Hagerstown's firefighter of the year believes in safety first

Murray's team answers call for upgraded firehouse safety procedures

Murray's team answers call for upgraded firehouse safety procedures

February 29, 2008|By MARLO BARNHART

HAGERSTOWN - Working in one of the most dangerous professions has made Hagerstown firefighter John P. Murray a believer in safety first.

So, when all individual City of Hagerstown departments were encouraged to come up with safety committees, Murray worked up a proposal two years ago and presented it to Hagerstown Fire Chief Gary Hawbaker, who approved it.

At the annual fire department awards banquet Feb. 23, Murray was named career firefighter of the year for his efforts. He said it was a committee effort, not just his effort that earned the award.

"Our goal is to improve the level of safety in the department," Murray said, noting that it has been a tough year and a half.


During that time, there has been a crushed foot, heart attacks, knee injuries and an ear injury. Some of these have involved long-term recuperations, Murray said.

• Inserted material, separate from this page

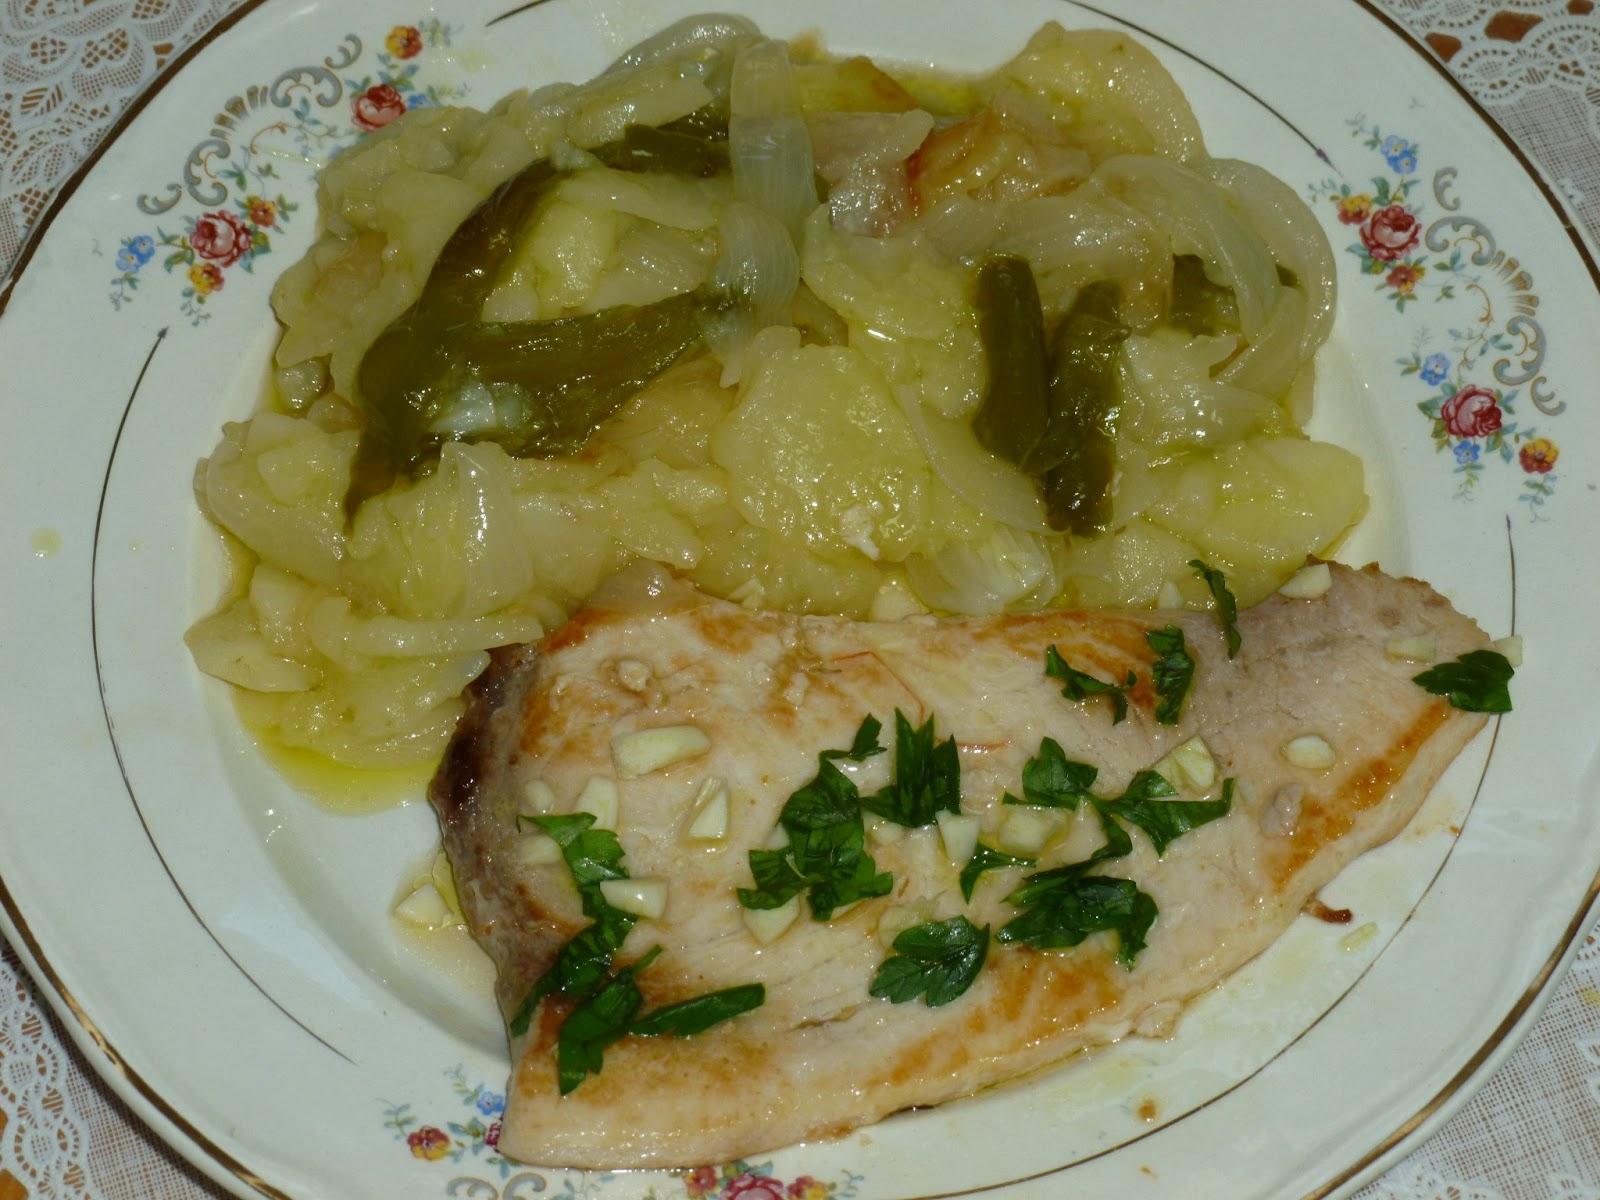 Uva pan y queso pez espada a la plancha con patatas a for Pez espada fresco

The committee, which includes union firefighters, volunteers and supervisors, meets once a month. Murray just turned over the chairmanship to Scott Baire.

"We look at injuries to see how we can reduce them," Murray said.

One way is maintaining physical fitness among firefighters. There is workout equipment at the fire department's main office in the Market House, and some individual fire halls have their own treadmills, he said.

"There is a plan for a physical fitness mandate that all will participate in," Murray said.

Another innovation is a policy that no firefighter work alone. If a firefighter is stricken or injured on duty, there will always be another firefighter there to react, Murray said.

Murray, 36, has been with the Hagerstown Fire Department for nearly four years. He and his wife live in Pennsylvania.

Murray said at the age of 10 he envied his older brother when he became a junior firefighter.

"I have always loved riding on a fire truck," he said.

A graduate of Eastern Kentucky University, Murray is working on his master's degree in fire service management, taking online courses from the school.

"I got into risk management in college," Murray said.

Coming to work in Hagerstown was his first chance to get into career firefighting.

Murray said he likes Hagerstown but noted there are a lot of challenges for the fire department, including a declining number of volunteers.

Anyone interested may call 301-790-2476 for more information on training and requirements for how many hours are needed to maintain standing.

In the meantime, Murray and his committee will be working to make firefighting a safer profession in Hagerstown.

"Firefighters' wellness is No. 1, and there is enthusiasm for it," Murray said. "Changing people's behaviors is tough but we are up for the challenges."